(Stored data entries)

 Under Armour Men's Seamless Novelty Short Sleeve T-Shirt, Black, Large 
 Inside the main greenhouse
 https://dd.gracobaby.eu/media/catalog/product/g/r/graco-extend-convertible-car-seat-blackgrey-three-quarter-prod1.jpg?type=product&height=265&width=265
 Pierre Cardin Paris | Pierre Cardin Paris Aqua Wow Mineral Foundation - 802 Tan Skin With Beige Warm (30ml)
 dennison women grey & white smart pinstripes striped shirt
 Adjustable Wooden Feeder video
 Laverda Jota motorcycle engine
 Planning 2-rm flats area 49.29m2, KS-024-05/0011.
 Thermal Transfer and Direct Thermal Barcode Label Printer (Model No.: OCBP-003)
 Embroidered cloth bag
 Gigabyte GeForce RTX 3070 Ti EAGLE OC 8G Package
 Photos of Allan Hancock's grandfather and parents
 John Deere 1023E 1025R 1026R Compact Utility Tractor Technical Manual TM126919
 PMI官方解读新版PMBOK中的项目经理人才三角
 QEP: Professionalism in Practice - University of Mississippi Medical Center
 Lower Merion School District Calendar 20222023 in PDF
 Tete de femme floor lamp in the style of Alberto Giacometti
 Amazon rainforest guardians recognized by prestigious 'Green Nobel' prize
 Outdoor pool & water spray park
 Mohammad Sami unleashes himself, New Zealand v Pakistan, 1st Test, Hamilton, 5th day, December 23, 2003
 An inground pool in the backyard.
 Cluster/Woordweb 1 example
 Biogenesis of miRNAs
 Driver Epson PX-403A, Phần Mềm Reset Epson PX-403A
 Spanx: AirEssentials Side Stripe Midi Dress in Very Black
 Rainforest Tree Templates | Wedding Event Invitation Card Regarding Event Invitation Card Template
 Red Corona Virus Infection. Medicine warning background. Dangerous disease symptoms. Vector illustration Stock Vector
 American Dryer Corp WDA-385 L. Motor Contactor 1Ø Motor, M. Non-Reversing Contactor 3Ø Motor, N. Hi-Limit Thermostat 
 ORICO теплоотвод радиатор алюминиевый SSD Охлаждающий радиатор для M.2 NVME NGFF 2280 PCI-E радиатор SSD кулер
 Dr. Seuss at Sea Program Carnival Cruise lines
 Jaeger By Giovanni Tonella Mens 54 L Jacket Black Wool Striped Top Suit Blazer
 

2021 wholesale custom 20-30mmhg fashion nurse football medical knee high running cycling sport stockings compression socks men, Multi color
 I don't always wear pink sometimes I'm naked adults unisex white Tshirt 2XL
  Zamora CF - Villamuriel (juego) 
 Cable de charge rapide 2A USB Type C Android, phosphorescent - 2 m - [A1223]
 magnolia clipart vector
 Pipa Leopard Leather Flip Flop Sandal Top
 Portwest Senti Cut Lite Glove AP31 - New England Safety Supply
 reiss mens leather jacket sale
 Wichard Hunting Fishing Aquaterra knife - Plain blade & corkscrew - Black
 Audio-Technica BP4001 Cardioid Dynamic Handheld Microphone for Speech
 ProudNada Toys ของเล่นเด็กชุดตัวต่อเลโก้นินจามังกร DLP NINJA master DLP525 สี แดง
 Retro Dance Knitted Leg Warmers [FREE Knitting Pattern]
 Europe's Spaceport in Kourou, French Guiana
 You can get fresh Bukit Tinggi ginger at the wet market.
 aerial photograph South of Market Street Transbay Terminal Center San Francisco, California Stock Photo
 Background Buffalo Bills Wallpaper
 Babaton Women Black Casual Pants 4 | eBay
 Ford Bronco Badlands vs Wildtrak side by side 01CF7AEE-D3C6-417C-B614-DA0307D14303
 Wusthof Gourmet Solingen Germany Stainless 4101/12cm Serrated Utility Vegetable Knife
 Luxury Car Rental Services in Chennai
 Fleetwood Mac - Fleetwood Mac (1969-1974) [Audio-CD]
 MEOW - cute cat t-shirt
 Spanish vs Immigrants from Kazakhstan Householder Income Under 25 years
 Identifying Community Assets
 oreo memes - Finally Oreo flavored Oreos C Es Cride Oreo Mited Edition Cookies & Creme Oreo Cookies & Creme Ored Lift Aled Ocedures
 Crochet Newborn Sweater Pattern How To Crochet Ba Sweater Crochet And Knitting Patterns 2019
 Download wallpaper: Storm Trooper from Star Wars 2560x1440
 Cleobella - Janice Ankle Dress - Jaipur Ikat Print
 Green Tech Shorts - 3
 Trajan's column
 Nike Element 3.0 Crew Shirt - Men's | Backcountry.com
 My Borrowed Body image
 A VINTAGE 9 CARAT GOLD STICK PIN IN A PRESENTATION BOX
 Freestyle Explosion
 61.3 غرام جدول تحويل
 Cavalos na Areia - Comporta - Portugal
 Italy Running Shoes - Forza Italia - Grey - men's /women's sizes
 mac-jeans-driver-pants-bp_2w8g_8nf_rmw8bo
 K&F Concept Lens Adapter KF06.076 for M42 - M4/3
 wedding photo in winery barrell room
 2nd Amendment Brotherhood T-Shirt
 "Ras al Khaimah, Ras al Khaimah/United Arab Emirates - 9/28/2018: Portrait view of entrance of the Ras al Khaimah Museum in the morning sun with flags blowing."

▶ Description of the task
All of the entries are to be transcribed exactly.

▶ Solution below
 Under Armour Men's Seamless Novelty Short Sleeve T-Shirt, Black, Large 
 Inside the main greenhouse
 https://dd.gracobaby.eu/media/catalog/product/g/r/graco-extend-convertible-car-seat-blackgrey-three-quarter-prod1.jpg?type=product&height=265&width=265
 Pierre Cardin Paris | Pierre Cardin Paris Aqua Wow Mineral Foundation - 802 Tan Skin With Beige Warm (30ml)
 dennison women grey & white smart pinstripes striped shirt
 Adjustable Wooden Feeder video
 Laverda Jota motorcycle engine
 Planning 2-rm flats area 49.29m2, KS-024-05/0011.
 Thermal Transfer and Direct Thermal Barcode Label Printer (Model No.: OCBP-003)
 Embroidered cloth bag
 Gigabyte GeForce RTX 3070 Ti EAGLE OC 8G Package
 Photos of Allan Hancock's grandfather and parents
 John Deere 1023E 1025R 1026R Compact Utility Tractor Technical Manual TM126919
 PMI官方解读新版PMBOK中的项目经理人才三角
 QEP: Professionalism in Practice - University of Mississippi Medical Center
 Lower Merion School District Calendar 20222023 in PDF
 Tete de femme floor lamp in the style of Alberto Giacometti
 Amazon rainforest guardians recognized by prestigious 'Green Nobel' prize
 Outdoor pool & water spray park
 Mohammad Sami unleashes himself, New Zealand v Pakistan, 1st Test, Hamilton, 5th day, December 23, 2003
 An inground pool in the backyard.
 Cluster/Woordweb 1 example
 Biogenesis of miRNAs
 Driver Epson PX-403A, Phần Mềm Reset Epson PX-403A
 Spanx: AirEssentials Side Stripe Midi Dress in Very Black
 Rainforest Tree Templates | Wedding Event Invitation Card Regarding Event Invitation Card Template
 Red Corona Virus Infection. Medicine warning background. Dangerous disease symptoms. Vector illustration Stock Vector
 American Dryer Corp WDA-385 L. Motor Contactor 1Ø Motor, M. Non-Reversing Contactor 3Ø Motor, N. Hi-Limit Thermostat 
 ORICO теплоотвод радиатор алюминиевый SSD Охлаждающий радиатор для M.2 NVME NGFF 2280 PCI-E радиатор SSD кулер
 Dr. Seuss at Sea Program Carnival Cruise lines
 Jaeger By Giovanni Tonella Mens 54 L Jacket Black Wool Striped Top Suit Blazer
 

2021 wholesale custom 20-30mmhg fashion nurse football medical knee high running cycling sport stockings compression socks men, Multi color
 I don't always wear pink sometimes I'm naked adults unisex white Tshirt 2XL
  Zamora CF - Villamuriel (juego) 
 Cable de charge rapide 2A USB Type C Android, phosphorescent - 2 m - [A1223]
 magnolia clipart vector
 Pipa Leopard Leather Flip Flop Sandal Top
 Portwest Senti Cut Lite Glove AP31 - New England Safety Supply
 reiss mens leather jacket sale
 Wichard Hunting Fishing Aquaterra knife - Plain blade & corkscrew - Black
 Audio-Technica BP4001 Cardioid Dynamic Handheld Microphone for Speech
 ProudNada Toys ของเล่นเด็กชุดตัวต่อเลโก้นินจามังกร DLP NINJA master DLP525 สี แดง
 Retro Dance Knitted Leg Warmers [FREE Knitting Pattern]
 Europe's Spaceport in Kourou, French Guiana
 You can get fresh Bukit Tinggi ginger at the wet market.
 aerial photograph South of Market Street Transbay Terminal Center San Francisco, California Stock Photo
 Background Buffalo Bills Wallpaper
 Babaton Women Black Casual Pants 4 | eBay
 Ford Bronco Badlands vs Wildtrak side by side 01CF7AEE-D3C6-417C-B614-DA0307D14303
 Wusthof Gourmet Solingen Germany Stainless 4101/12cm Serrated Utility Vegetable Knife
 Luxury Car Rental Services in Chennai
 Fleetwood Mac - Fleetwood Mac (1969-1974) [Audio-CD]
 MEOW - cute cat t-shirt
 Spanish vs Immigrants from Kazakhstan Householder Income Under 25 years
 Identifying Community Assets
 oreo memes - Finally Oreo flavored Oreos C Es Cride Oreo Mited Edition Cookies & Creme Oreo Cookies & Creme Ored Lift Aled Ocedures
 Crochet Newborn Sweater Pattern How To Crochet Ba Sweater Crochet And Knitting Patterns 2019
 Download wallpaper: Storm Trooper from Star Wars 2560x1440
 Cleobella - Janice Ankle Dress - Jaipur Ikat Print
 Green Tech Shorts - 3
 Trajan's column
 Nike Element 3.0 Crew Shirt - Men's | Backcountry.com
 My Borrowed Body image
 A VINTAGE 9 CARAT GOLD STICK PIN IN A PRESENTATION BOX
 Freestyle Explosion
 61.3 غرام جدول تحويل
 Cavalos na Areia - Comporta - Portugal
 Italy Running Shoes - Forza Italia - Grey - men's /women's sizes
 mac-jeans-driver-pants-bp_2w8g_8nf_rmw8bo
 K&F Concept Lens Adapter KF06.076 for M42 - M4/3
 wedding photo in winery barrell room
 2nd Amendment Brotherhood T-Shirt
 "Ras al Khaimah, Ras al Khaimah/United Arab Emirates - 9/28/2018: Portrait view of entrance of the Ras al Khaimah Museum in the morning sun with flags blowing."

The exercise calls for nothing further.